И тут он прикусил язык: ему показалось, что в карцере получалось лучше.
Его охватил страх, будто он навсегда потерял что-то, и он принялся твердить:
Сказал я: «Банди Андьял,
Неважные вести.
Не ходи, прошу, на Альфёльд
С бандитами вместе!»
Но куда лучше было повторять: «Тря-ля-ля, тра-ля-ля, тра-ля-ля…»
В кармане мальчишки
Воробей драчливый.
Ни на что он не сменяет
Этот миг счастливый.
Прижавшись лбом к парте и крепко, до боли, зажмурив глаза, он старался припомнить стихи:
На груди мальчишки
Воробей драчливый.
Он на школу не сменял бы
Этот миг счастливый.
Миши громко засмеялся.
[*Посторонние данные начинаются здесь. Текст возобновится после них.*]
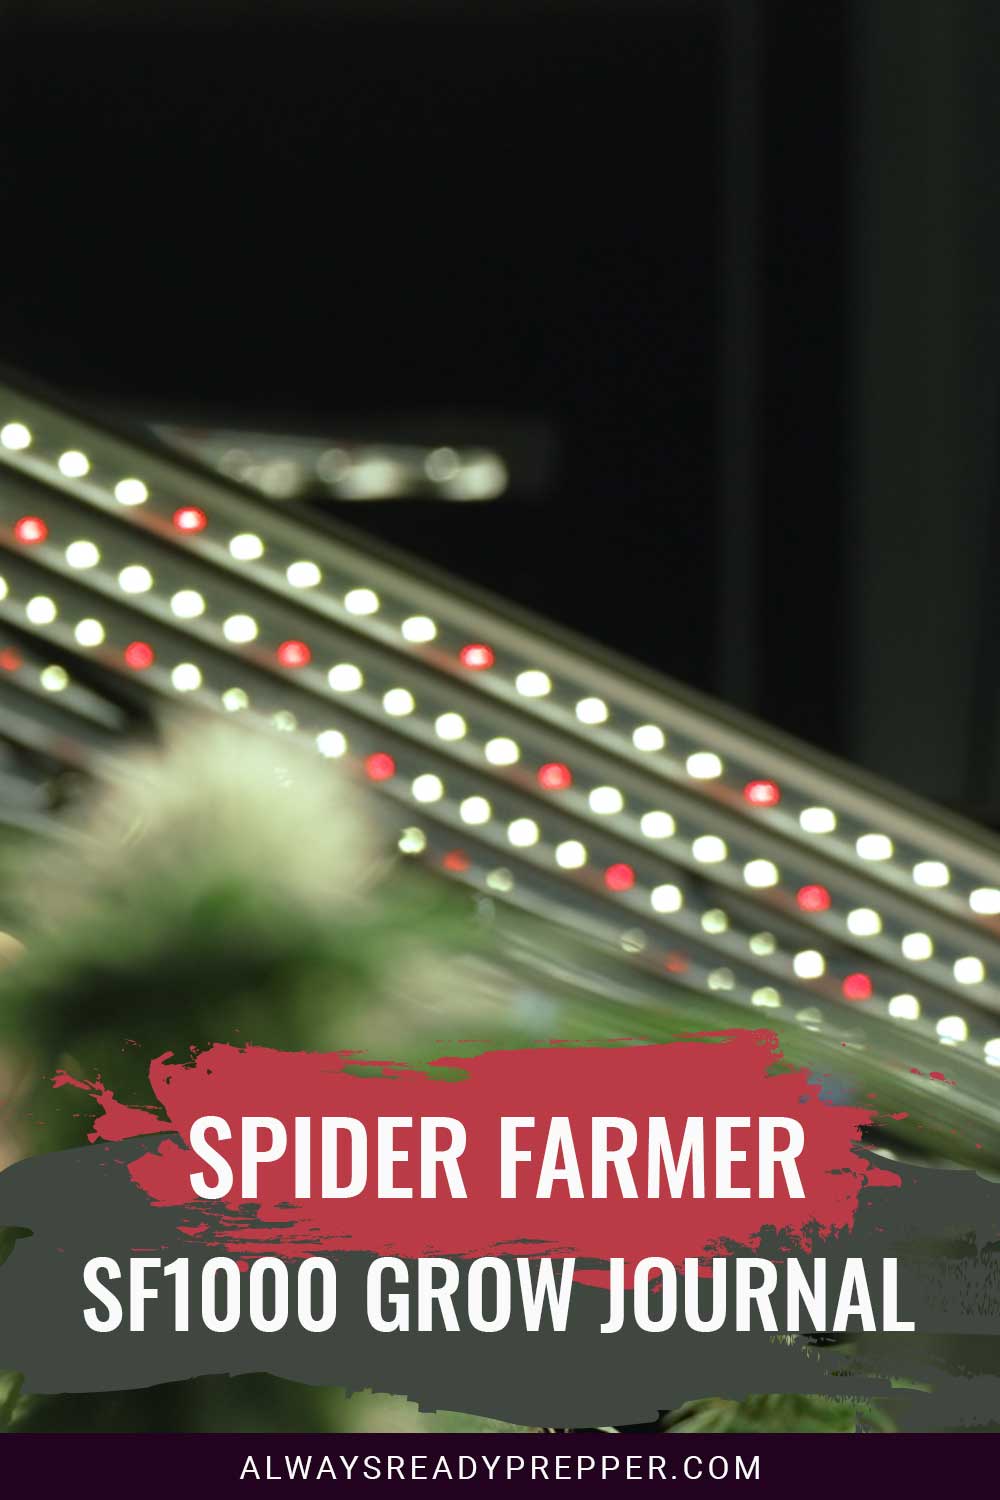 Indoor farming and LED lights - Spider Farmer SF1000 Grow Journal

Стихи нескладные, шероховатые, но в них его мысли: он, мальчик, которого обижают, преследуют, мучают, ни за что бы не согласился оказаться сейчас на месте какого-нибудь гимназиста, весело скачущего во дворе… «Пусть не настоящие стихи, а правда», — вспомнил Миши анекдот, который рассказала год назад Илонка. Однажды барин решил подшутить над своим лакеем и говорит ему: «Мишка, ты умеешь стихи сочинять? Нет? Ну, тогда я сочиню, а ты послушай:
Слышишь ты, головотяп Мишка,
Любит меня твоя сестра Юлишка.
Видишь, осел, это стихи, хоть и не правда», — прибавил он. Тогда лакей говорит:
«Послушайте, сударь,
меня любит сударыня.
Вот видите, сударь, — прибавил он, — хоть это не настоящие стихи, а правда».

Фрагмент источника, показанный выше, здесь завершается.